This is why I didn't get a Specialized Enduro 29 last spring. I had the first gen Enduro 29er, and after blowing up the rear shock, and watching my two buddies with the same bike blow their rear shocks on reasonable trails, I didn't go back.
  • + 9
 @hamncheez: I forgot Spesh screwed the shock directly to the mount, the bike industry loves this kind of almost pointless crap, then customers go out and buy aftermarket yokes.....
  • + 3
 What @hamncheez said. I found clear signs of excessive side load on several shocks used with the previous generation Demo frames, but I´am riding a Commencal Meta now and it seems to be absolutely fine there
  • - 3
 Pretty sure there is potential for sideload issues here too. Poorly maintained bearings in that link is gonna make the shock sad. So just don’t poorly maintain shit?
  • + 1
 @ThomDawson: Side loading moves the pivot a small, small fraction of a degree. Pretty sure even a terribly maintained eyelet would still be fine.
  • + 0
 @hamncheez: I’m not quite sure what you mean but if you think it’s fine that’s good enough for me. I do worry about the two yoke contact points being right where the rear wheel will deposit crap. But not so much that I care. IIRC Vorsprung Steve pointed out that being a weak spot on some bike and the cause of some side load problems? i.e the bearings stiffen up and the loads end up in the shock. I tend to glaze over when reading about linkages so forgive me if I’m mistaken.
  • + 1
 Most of the time you have a bearing at the end of the yoke. With a normal mount you had to use bushings ... until metric shocks came
  • + 1
 @ThomDawson: side loading is caused when the frame flexes, it causes premature wear of moving parts.

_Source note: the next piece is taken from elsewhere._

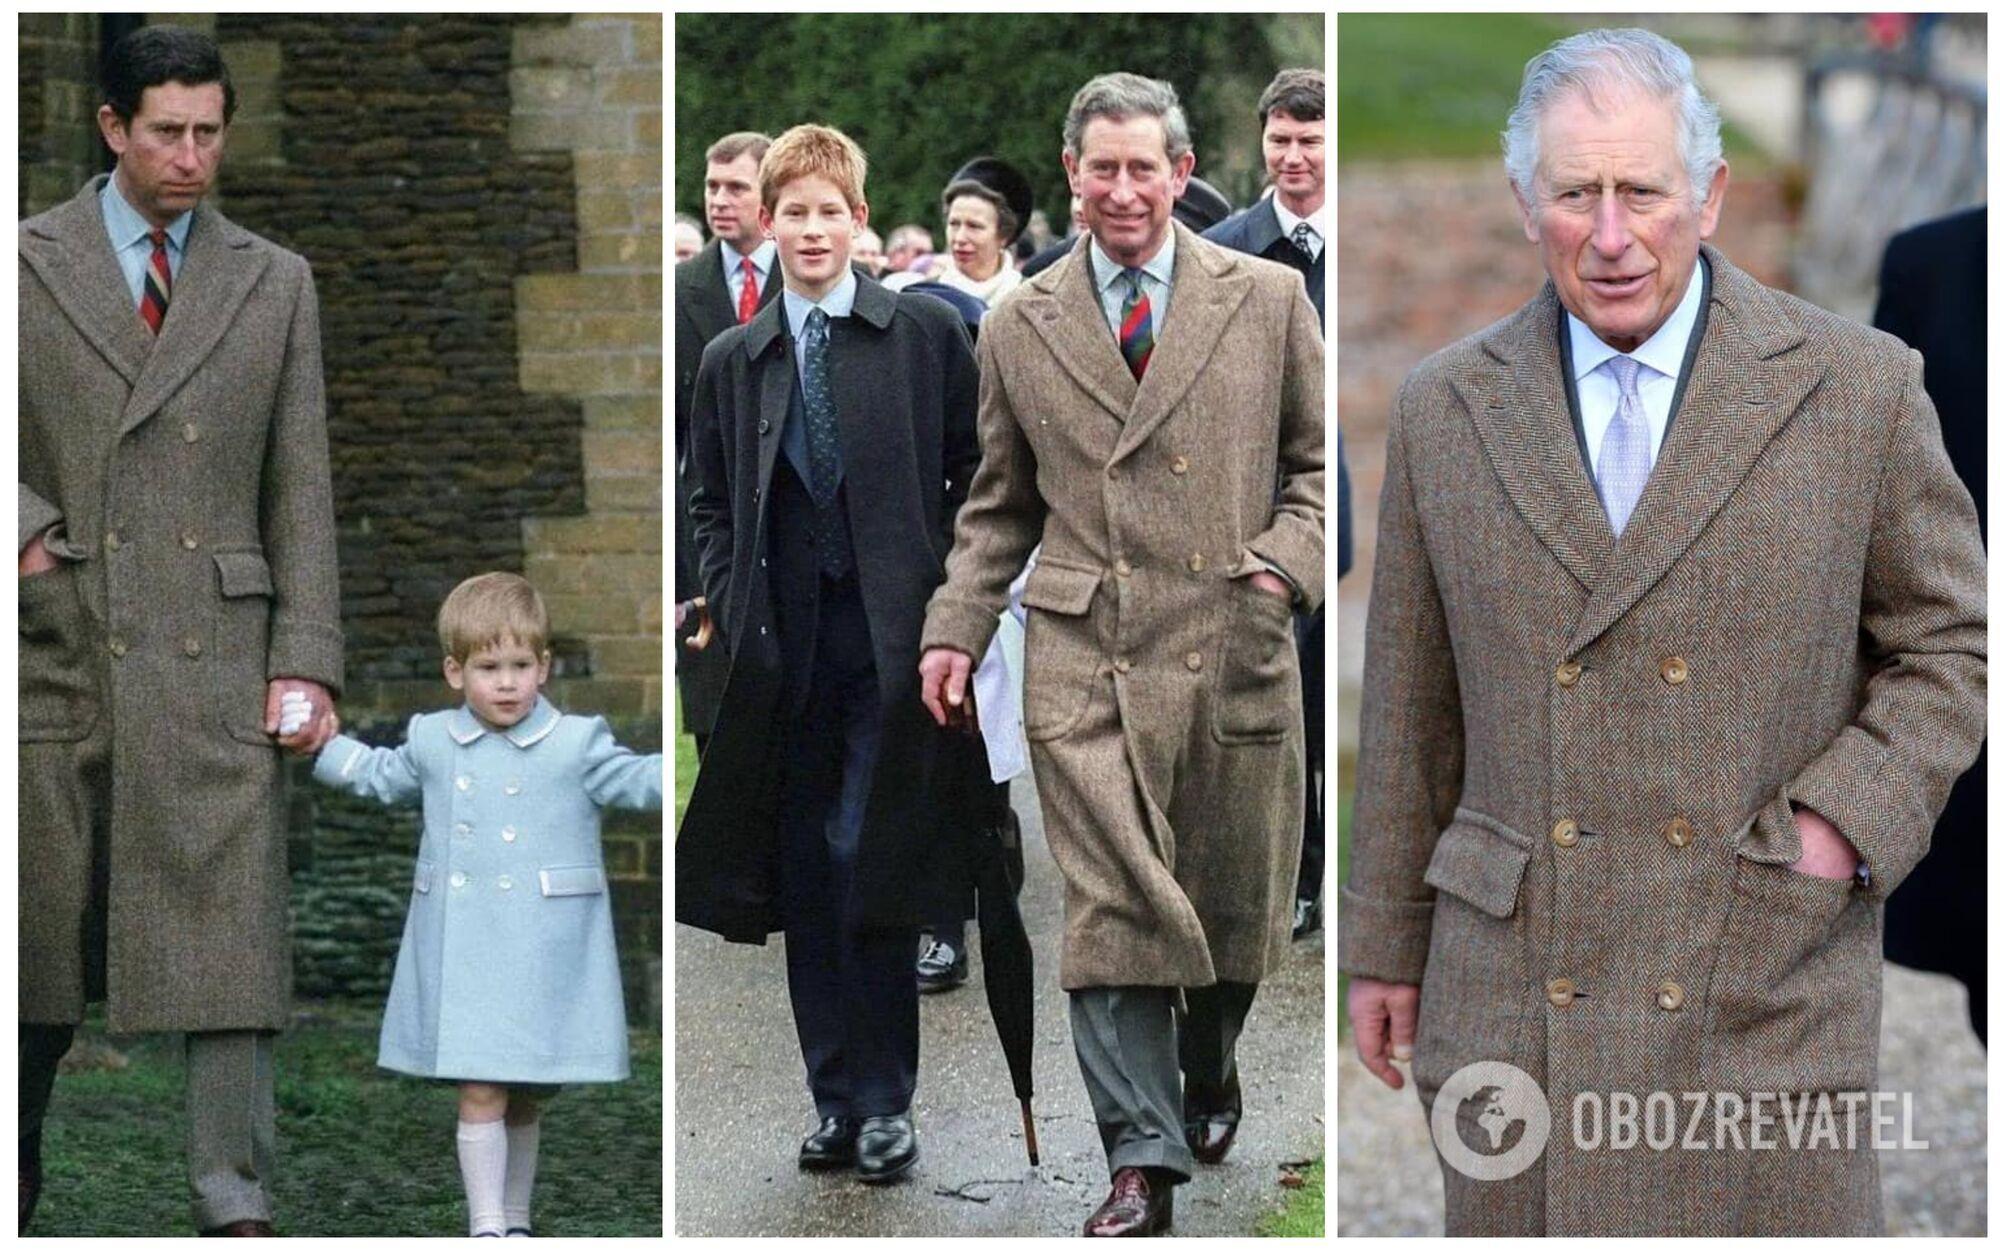 Син королеви Єлизавети принц Чарльз носить одне і те саме твідове пальто англійської марки Anderson & Sheppard
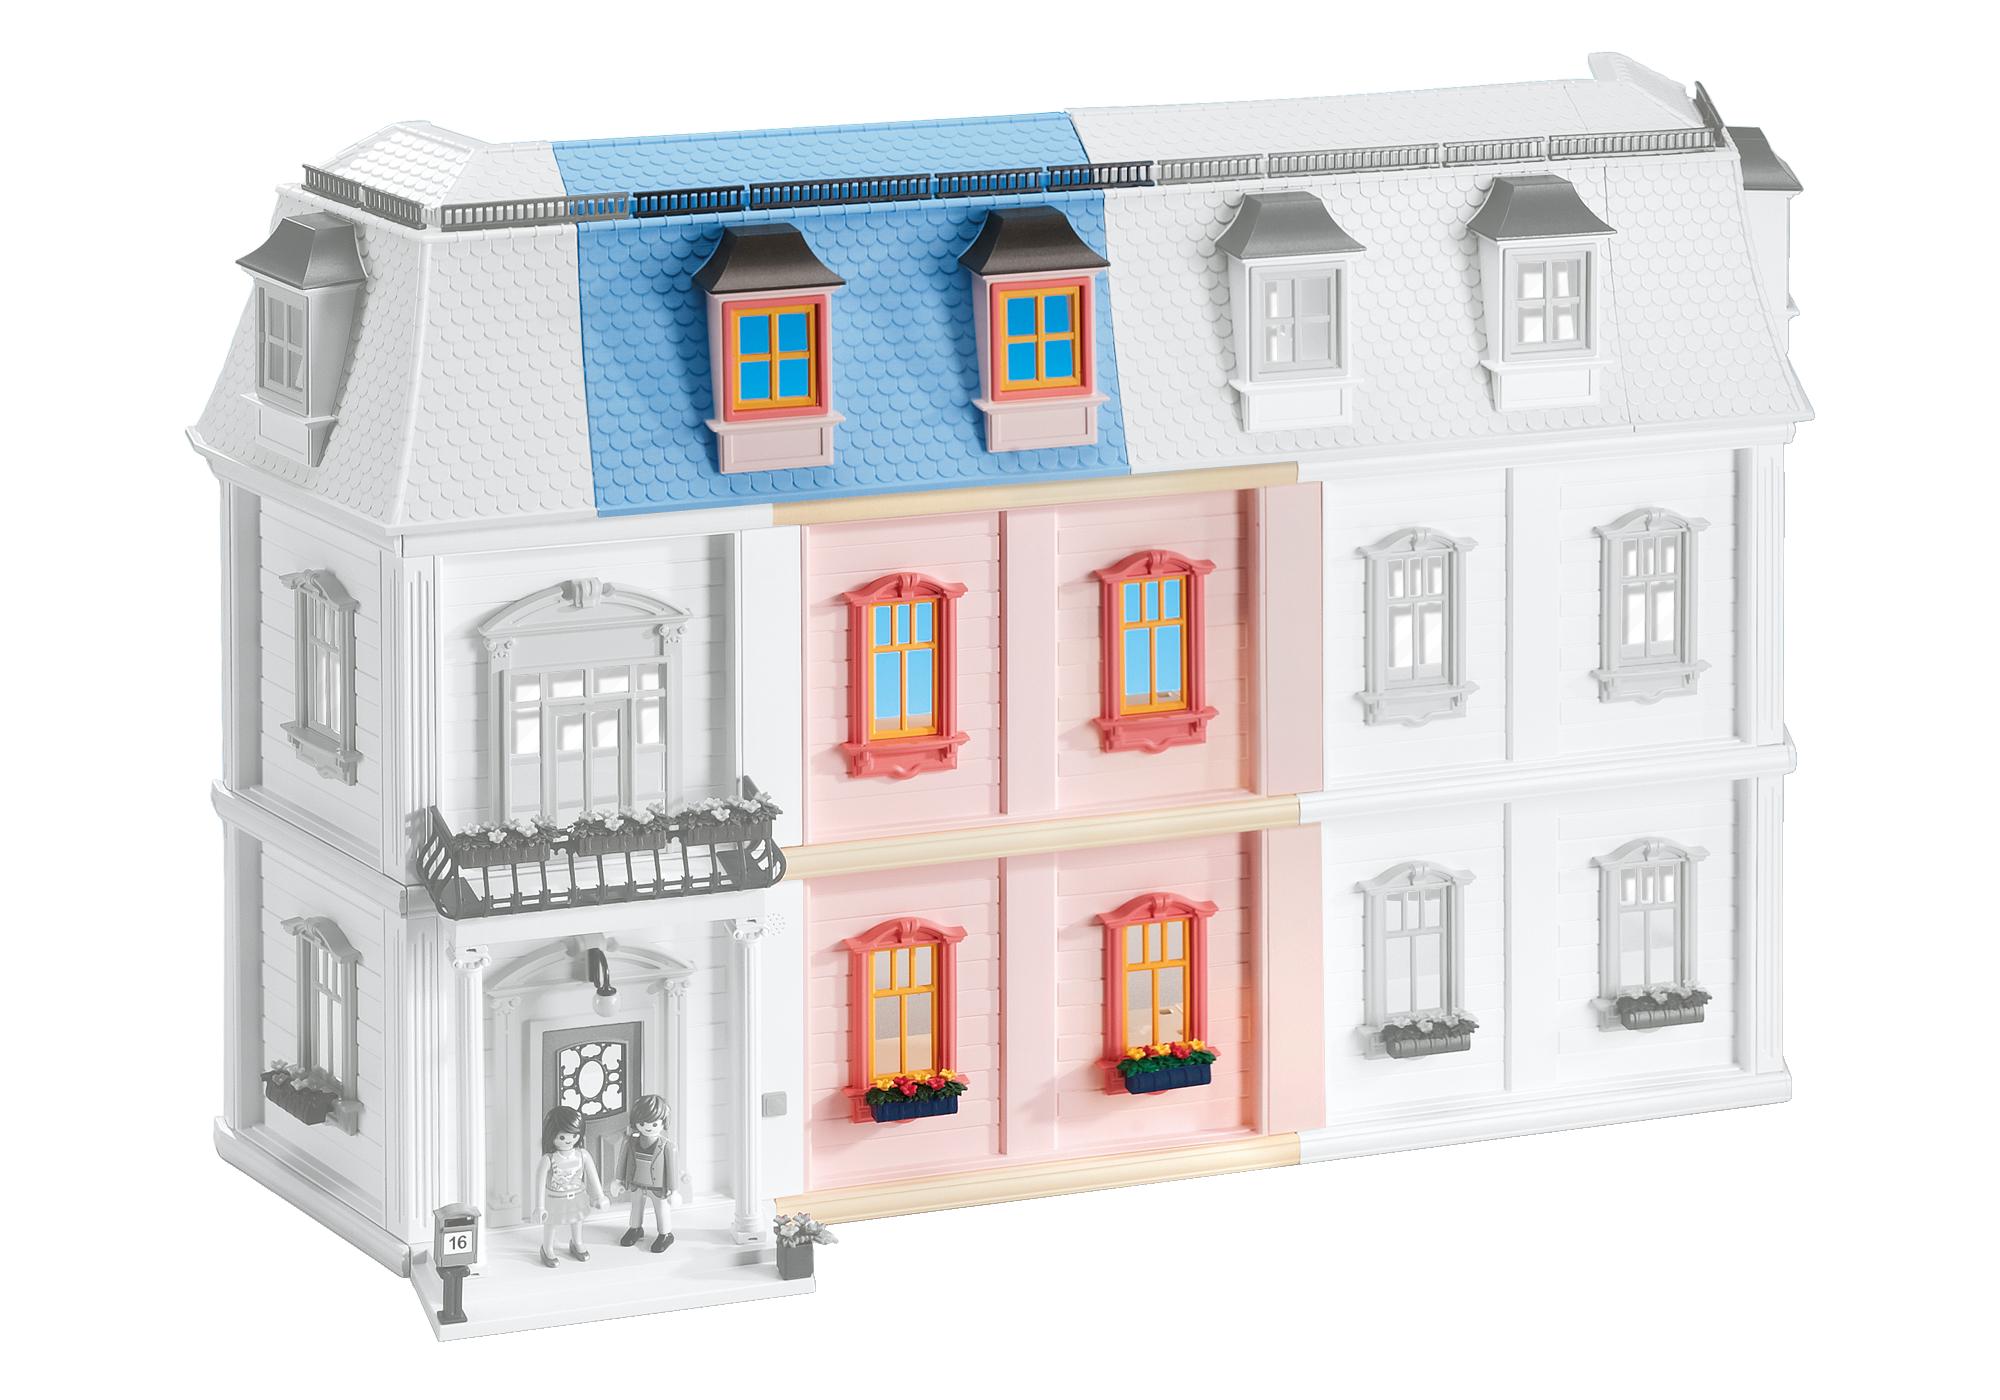 http://media.playmobil.com/i/playmobil/6452_product_detail/Extensão A para Casa de Bonecas Romântica (ref. 5303)

Multi link bikes almost make this a non issue, it is particularly an issue with single pivot bikes, I imagine steel single pivots being worse if they have some engineered compliance.

I really doubt there is much in the way of axial load issues on this type of frame, with out without a yoke, unless it is a noodle that is.
  • + 1
 @Racer951: I understand that. But also that there are other causes of side loading. I’m gonna have to go and trawl a tonne of posts from Vorpsrung now..I’ll come back to you. If i don’t die first.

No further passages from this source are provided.